Cash Flow Cash generation is a clear strength. Operating cash flow is solid, closely tracks reported earnings, and free cash flow is very high because the business needs very little capital spending. This is classic for a franchise and royalty model: most of the heavy investment sits with franchisees, not Winmark itself. As a result, the company converts a large portion of its profits into cash that can be used for debt service, dividends, buybacks, or other capital allocation choices. The main risk is not about cash generation today, but about maintaining franchise health so that these cash flows remain reliable.


Competitive Edge

Competitive Edge Winmark occupies a defensible niche in resale retail with well-known, category-focused brands. Its moat comes from a large, long-tenured franchise network, very high renewal rates, strong brand recognition in secondhand apparel, kids’ items, sporting goods, and music gear, and a data-driven pricing and inventory system that small independents find hard to match. The model benefits from long-term trends toward value shopping and sustainability.
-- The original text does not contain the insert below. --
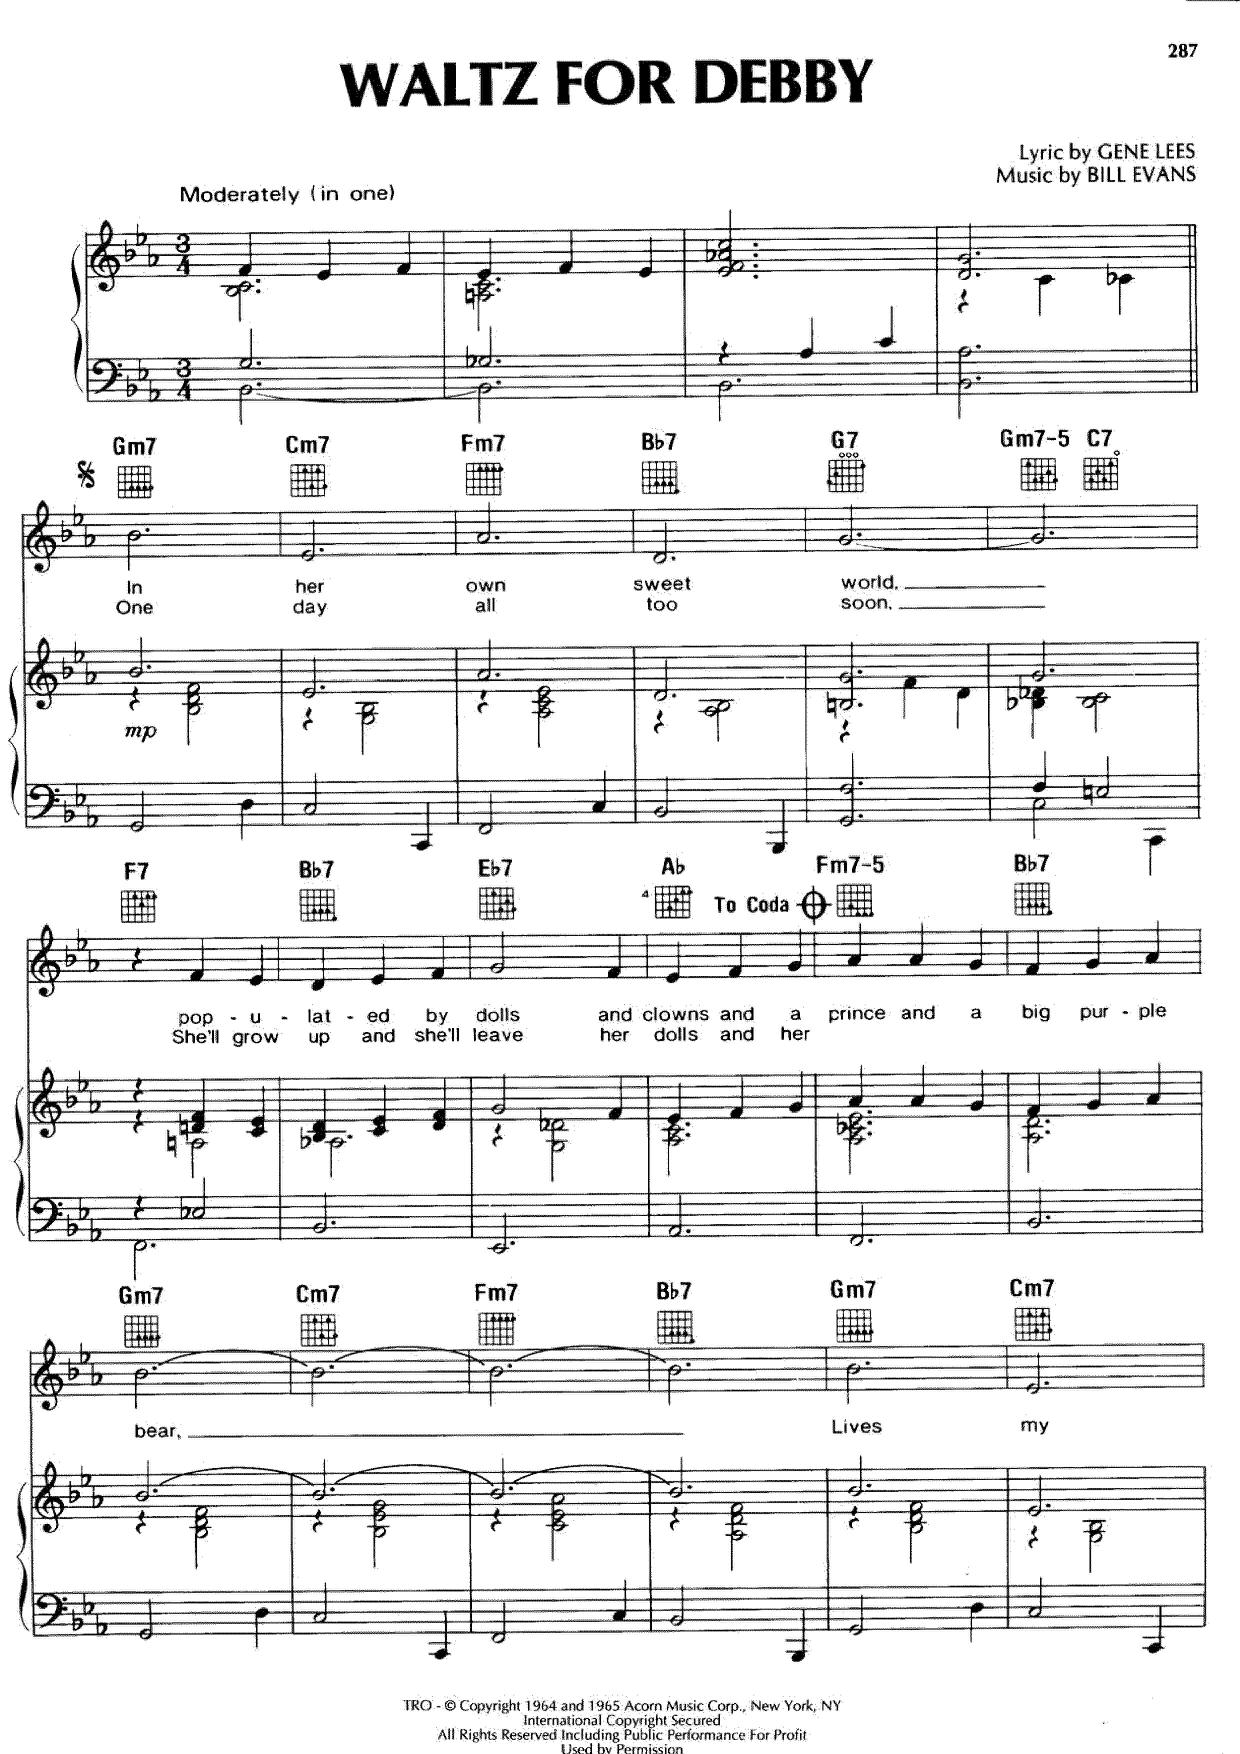 Waltz For Debby Score
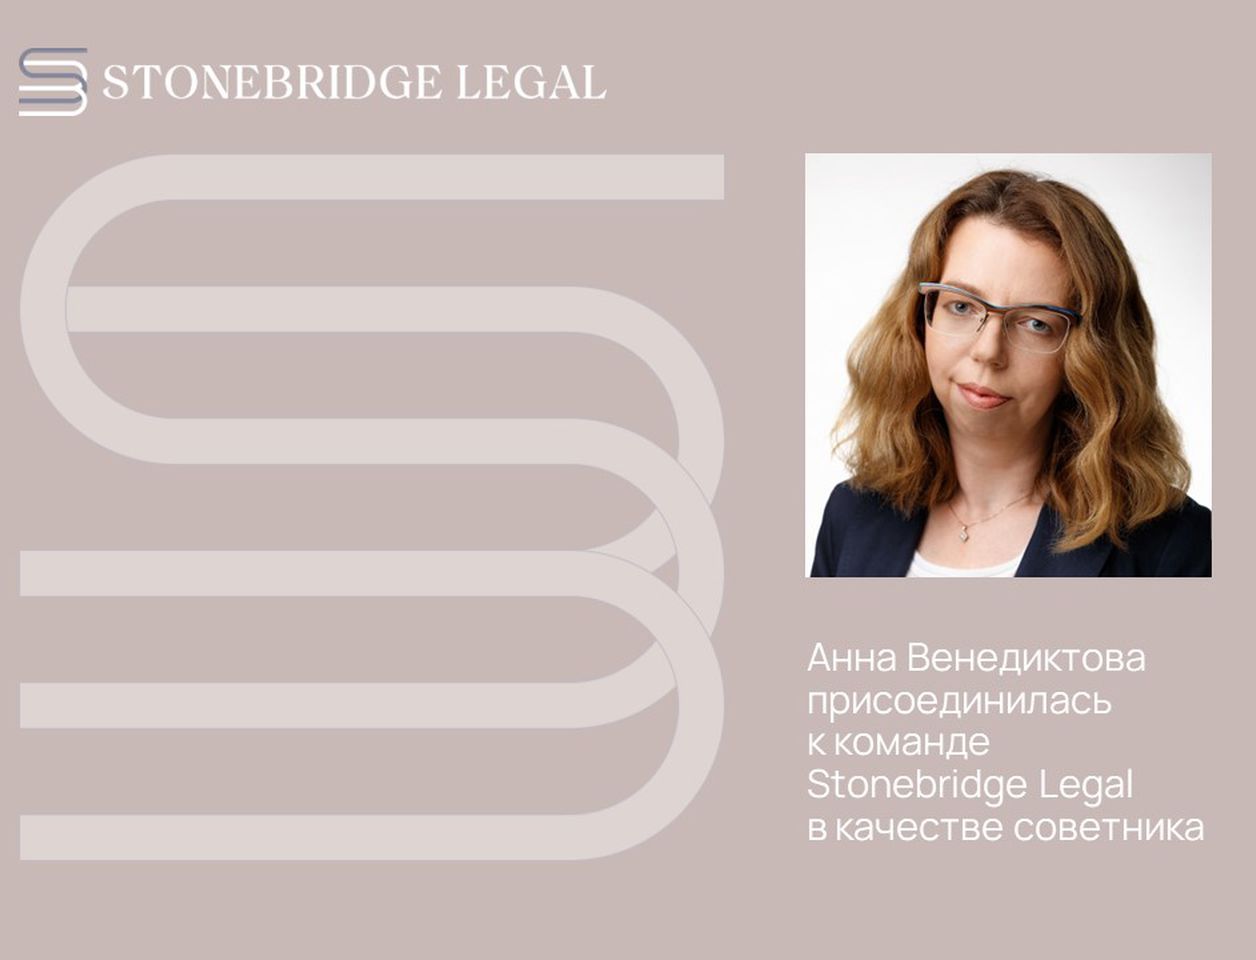 Stonebridge Legal объявляет об усилении направлений M&A и проектного финансирования

Competition exists from online consignment platforms, big-box retailers experimenting with resale, and traditional thrift stores, but Winmark’s curated in-store experience, local ownership, and well-honed franchise playbook give it a durable edge if it continues to execute well.


Innovation and R&D

Innovation and R&D Winmark is not a heavy traditional R&D spender; its innovation is more about systems and process. The proprietary point-of-sale and data system is a key asset, giving franchisees real-time guidance on what to buy and how to price it. The company invests in training, standardized operations, and now increasingly in digital tools and e-commerce capabilities for franchisees. Efforts to integrate online and offline sales, use data analytics more deeply, and potentially develop new resale concepts are the main innovation levers. The risk is that resale and retail technology move quickly, so Winmark needs to keep upgrading its tools and digital experience even if it does not brand this as classic “R&D.”


Summary

Winmark looks like a mature, high-margin, asset-light franchise business built around resale, with very steady earnings and strong free cash flow. Its strengths are a deeply entrenched franchise network, recognizable niche brands, efficient operations, and systems that amplify franchisee performance. Financially, it runs lean with a leveraged, negative-equity balance sheet, which magnifies the importance of stable cash flows and disciplined capital allocation. The business model is well aligned with long-term consumer themes like value and sustainability, but continued success depends on keeping franchisees healthy, staying ahead in technology and omnichannel retail, and managing leverage carefully as the environment for retail and resale continues to evolve.